Record excerpts Block Start

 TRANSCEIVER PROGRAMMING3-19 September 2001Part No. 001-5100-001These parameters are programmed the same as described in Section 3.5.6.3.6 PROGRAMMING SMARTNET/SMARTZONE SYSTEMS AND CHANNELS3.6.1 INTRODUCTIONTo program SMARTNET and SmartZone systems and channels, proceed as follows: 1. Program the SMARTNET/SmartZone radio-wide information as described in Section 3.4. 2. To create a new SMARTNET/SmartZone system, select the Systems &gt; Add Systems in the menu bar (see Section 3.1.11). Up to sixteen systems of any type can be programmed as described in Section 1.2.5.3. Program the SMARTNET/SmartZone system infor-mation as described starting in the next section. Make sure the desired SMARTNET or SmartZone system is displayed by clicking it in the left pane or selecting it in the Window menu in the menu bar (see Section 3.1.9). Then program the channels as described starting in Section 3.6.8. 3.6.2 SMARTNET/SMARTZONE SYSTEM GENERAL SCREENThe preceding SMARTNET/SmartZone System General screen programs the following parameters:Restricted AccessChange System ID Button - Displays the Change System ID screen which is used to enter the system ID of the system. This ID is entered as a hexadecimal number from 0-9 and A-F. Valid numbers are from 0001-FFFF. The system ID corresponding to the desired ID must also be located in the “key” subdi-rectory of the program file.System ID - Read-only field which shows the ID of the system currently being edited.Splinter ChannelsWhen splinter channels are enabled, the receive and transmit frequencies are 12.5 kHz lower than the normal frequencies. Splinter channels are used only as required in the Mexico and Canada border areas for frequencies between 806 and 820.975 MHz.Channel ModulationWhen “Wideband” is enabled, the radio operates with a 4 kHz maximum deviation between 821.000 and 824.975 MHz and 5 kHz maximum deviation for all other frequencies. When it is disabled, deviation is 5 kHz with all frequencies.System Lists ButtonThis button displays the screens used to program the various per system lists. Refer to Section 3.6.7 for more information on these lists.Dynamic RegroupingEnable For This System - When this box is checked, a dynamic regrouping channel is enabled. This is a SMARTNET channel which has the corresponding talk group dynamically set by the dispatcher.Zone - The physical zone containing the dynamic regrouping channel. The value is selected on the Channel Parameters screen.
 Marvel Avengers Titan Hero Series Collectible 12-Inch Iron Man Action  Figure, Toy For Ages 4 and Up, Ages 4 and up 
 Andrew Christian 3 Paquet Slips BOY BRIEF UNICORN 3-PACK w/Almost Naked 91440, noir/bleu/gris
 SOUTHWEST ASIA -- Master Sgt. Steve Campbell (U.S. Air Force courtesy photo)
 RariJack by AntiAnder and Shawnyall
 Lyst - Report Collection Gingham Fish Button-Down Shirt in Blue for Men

Record excerpts Block End

* **Task**
Your answer should be an exact transcription of the data above.

* **The completed task**
 TRANSCEIVER PROGRAMMING3-19 September 2001Part No. 001-5100-001These parameters are programmed the same as described in Section 3.5.6.3.6 PROGRAMMING SMARTNET/SMARTZONE SYSTEMS AND CHANNELS3.6.1 INTRODUCTIONTo program SMARTNET and SmartZone systems and channels, proceed as follows: 1. Program the SMARTNET/SmartZone radio-wide information as described in Section 3.4. 2. To create a new SMARTNET/SmartZone system, select the Systems &gt; Add Systems in the menu bar (see Section 3.1.11). Up to sixteen systems of any type can be programmed as described in Section 1.2.5.3. Program the SMARTNET/SmartZone system infor-mation as described starting in the next section. Make sure the desired SMARTNET or SmartZone system is displayed by clicking it in the left pane or selecting it in the Window menu in the menu bar (see Section 3.1.9). Then program the channels as described starting in Section 3.6.8. 3.6.2 SMARTNET/SMARTZONE SYSTEM GENERAL SCREENThe preceding SMARTNET/SmartZone System General screen programs the following parameters:Restricted AccessChange System ID Button - Displays the Change System ID screen which is used to enter the system ID of the system. This ID is entered as a hexadecimal number from 0-9 and A-F. Valid numbers are from 0001-FFFF. The system ID corresponding to the desired ID must also be located in the “key” subdi-rectory of the program file.System ID - Read-only field which shows the ID of the system currently being edited.Splinter ChannelsWhen splinter channels are enabled, the receive and transmit frequencies are 12.5 kHz lower than the normal frequencies. Splinter channels are used only as required in the Mexico and Canada border areas for frequencies between 806 and 820.975 MHz.Channel ModulationWhen “Wideband” is enabled, the radio operates with a 4 kHz maximum deviation between 821.000 and 824.975 MHz and 5 kHz maximum deviation for all other frequencies. When it is disabled, deviation is 5 kHz with all frequencies.System Lists ButtonThis button displays the screens used to program the various per system lists. Refer to Section 3.6.7 for more information on these lists.Dynamic RegroupingEnable For This System - When this box is checked, a dynamic regrouping channel is enabled. This is a SMARTNET channel which has the corresponding talk group dynamically set by the dispatcher.Zone - The physical zone containing the dynamic regrouping channel. The value is selected on the Channel Parameters screen.
 Marvel Avengers Titan Hero Series Collectible 12-Inch Iron Man Action  Figure, Toy For Ages 4 and Up, Ages 4 and up 
 Andrew Christian 3 Paquet Slips BOY BRIEF UNICORN 3-PACK w/Almost Naked 91440, noir/bleu/gris
 SOUTHWEST ASIA -- Master Sgt. Steve Campbell (U.S. Air Force courtesy photo)
 RariJack by AntiAnder and Shawnyall
 Lyst - Report Collection Gingham Fish Button-Down Shirt in Blue for Men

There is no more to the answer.